» TASK GOAL
Exactly as written, please repeat the data that follows, but not the pictures.

» AVAILABLE DATA
......

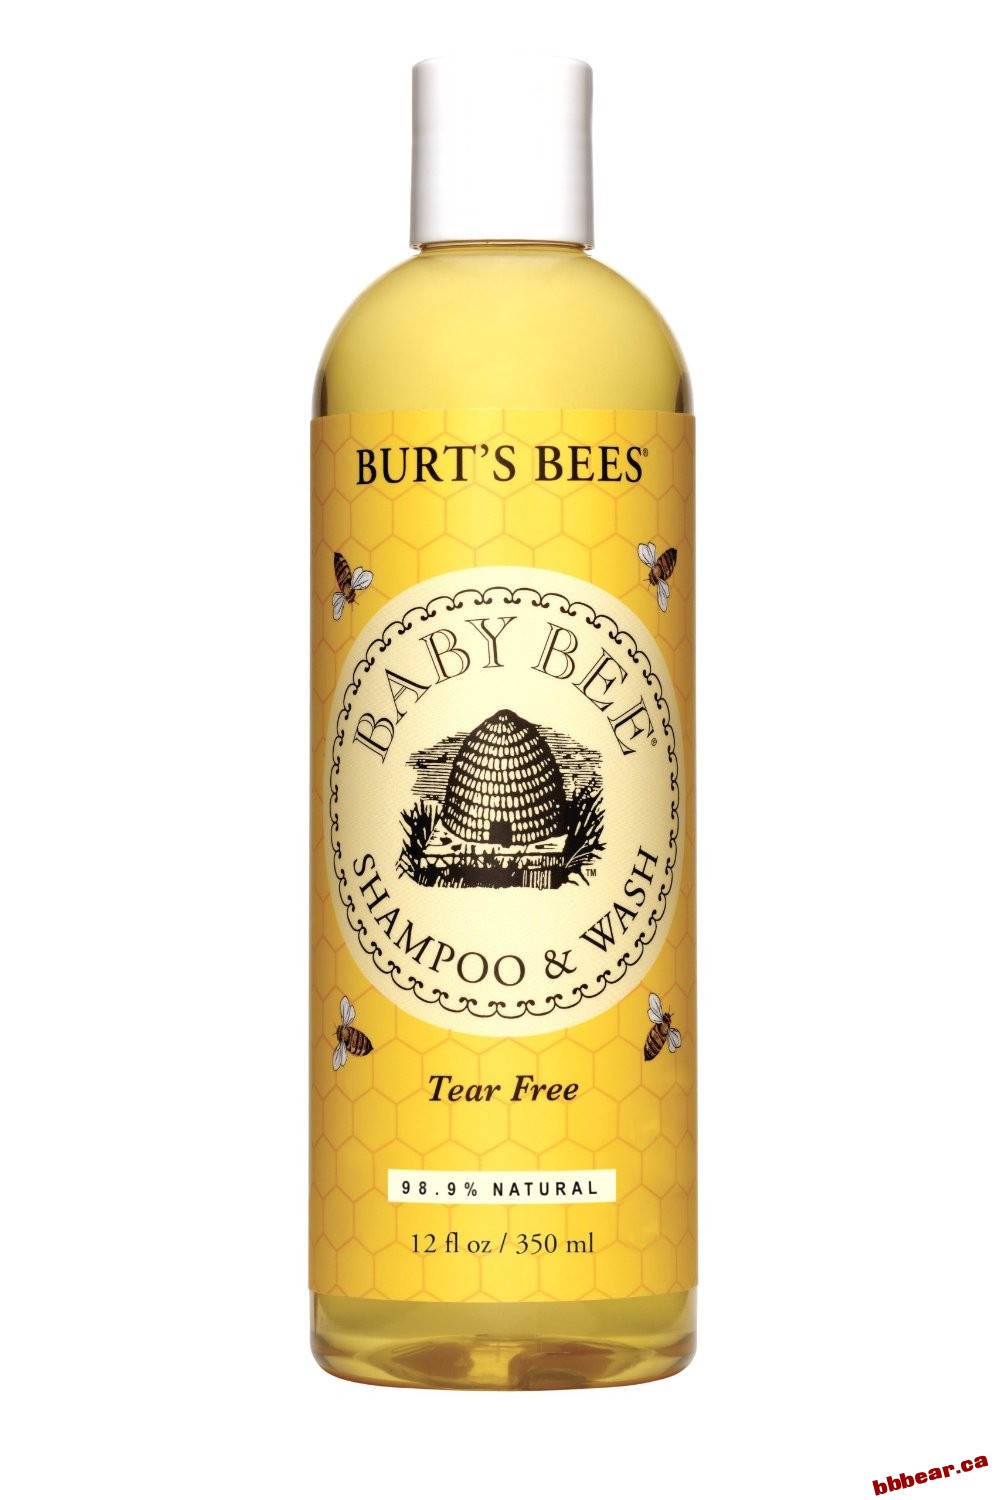 Burt's Bees Baby Bee Shampoo and Wash
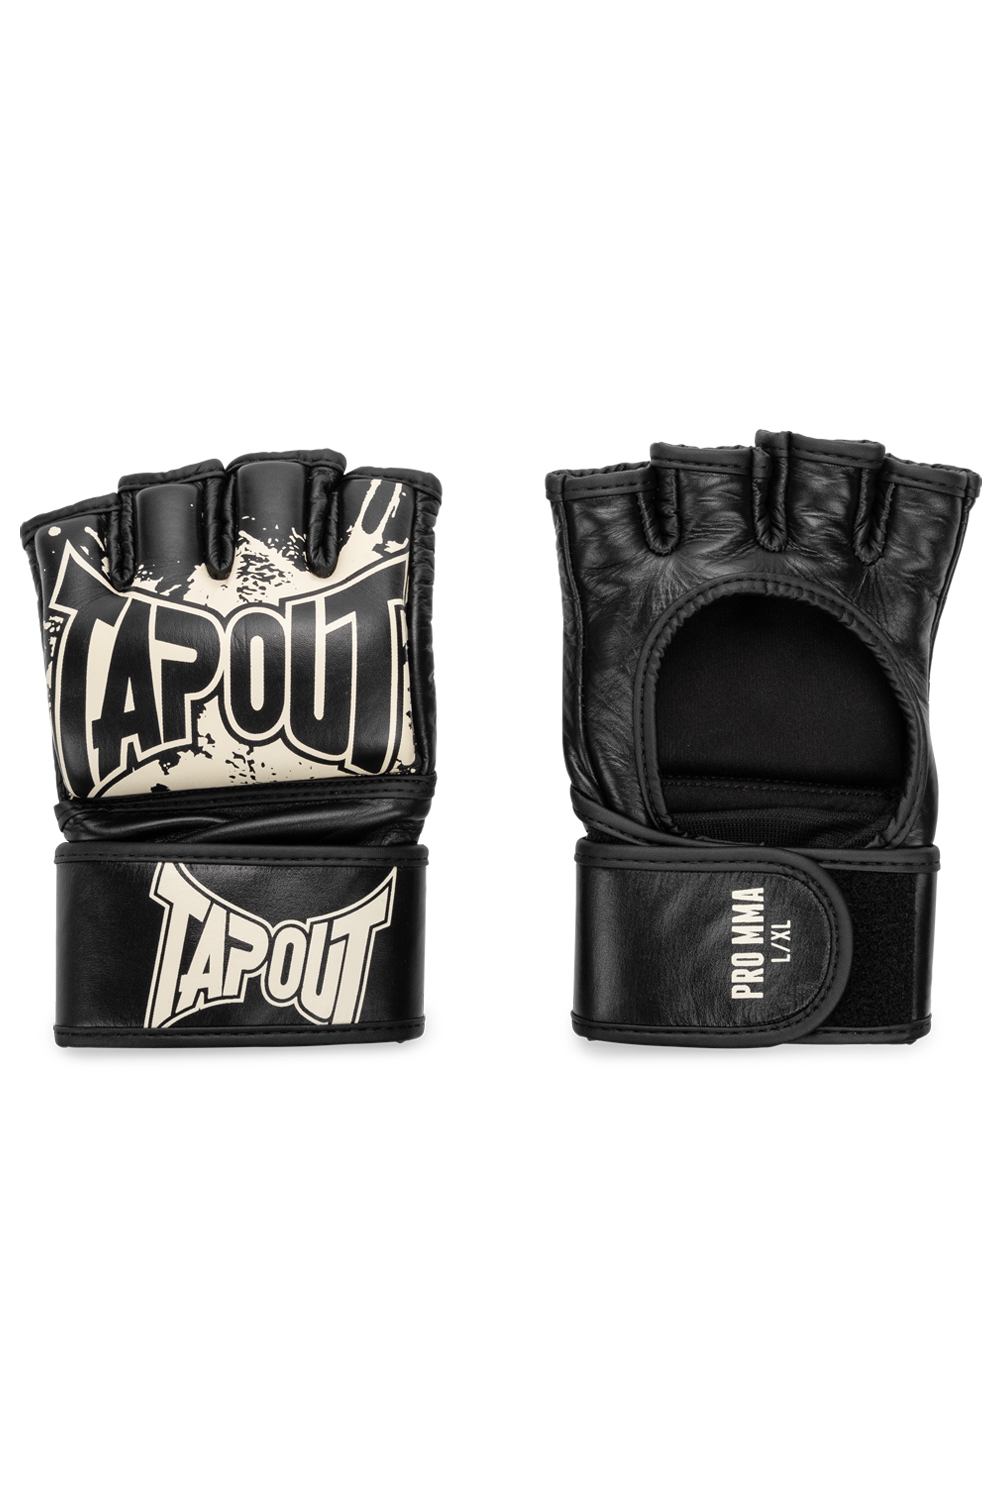 Tapout MMA Pro Fight Handschuhe Aus Leder (1 Paar)
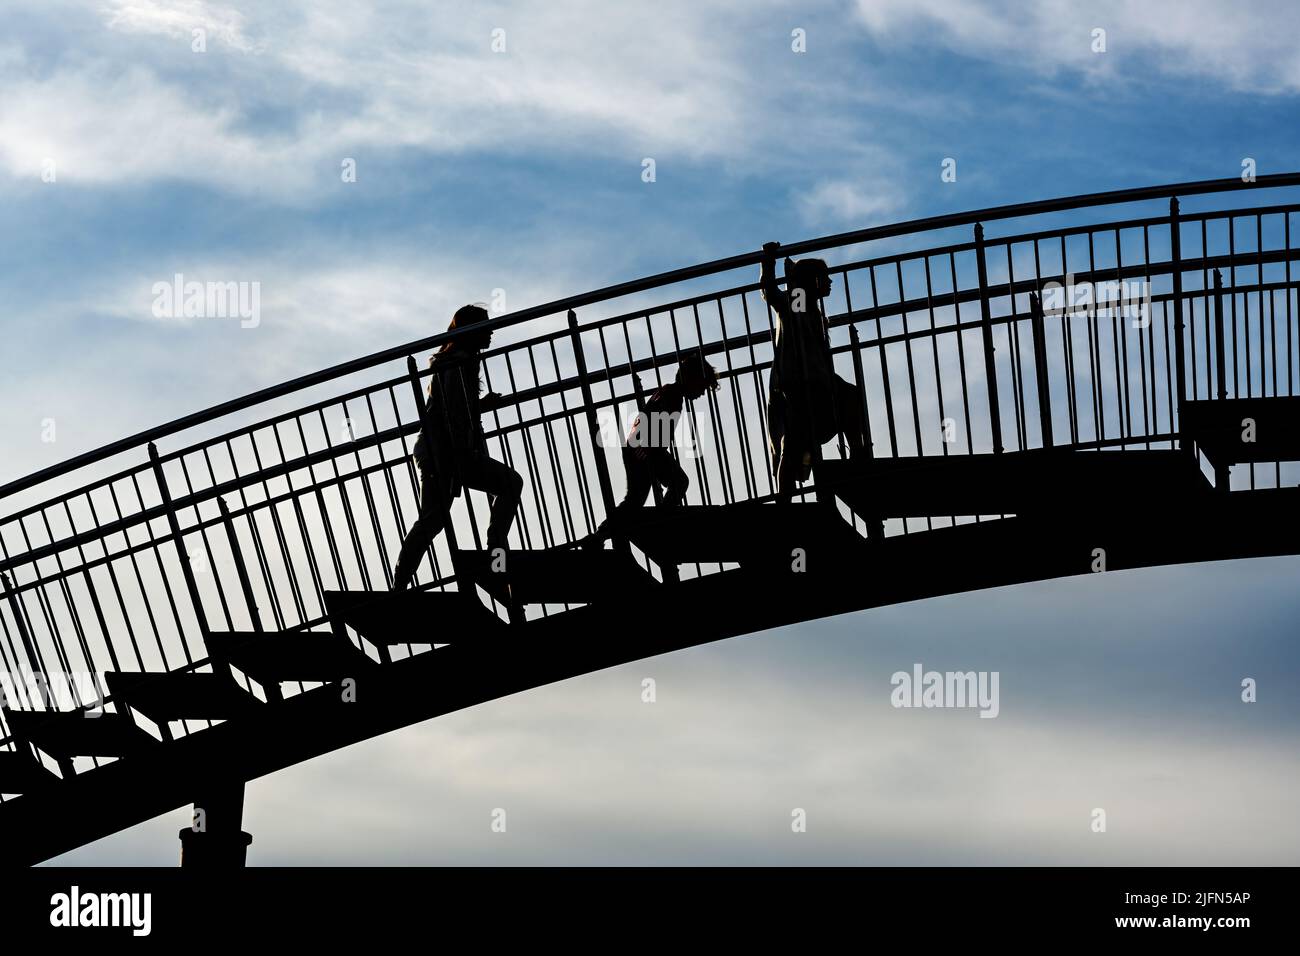 Drei Kinder als Silhouetten klettern die Stufen einer großen Metallbrücke gegen einen blauen Himmel mit Wolken, zukünftige Herausforderung für die nächste Generation c Stockfoto

......

» YOUR SOLUTION
 Burt's Bees Baby Bee Shampoo and Wash
 Tapout MMA Pro Fight Handschuhe Aus Leder (1 Paar)
 Drei Kinder als Silhouetten klettern die Stufen einer großen Metallbrücke gegen einen blauen Himmel mit Wolken, zukünftige Herausforderung für die nächste Generation c Stockfoto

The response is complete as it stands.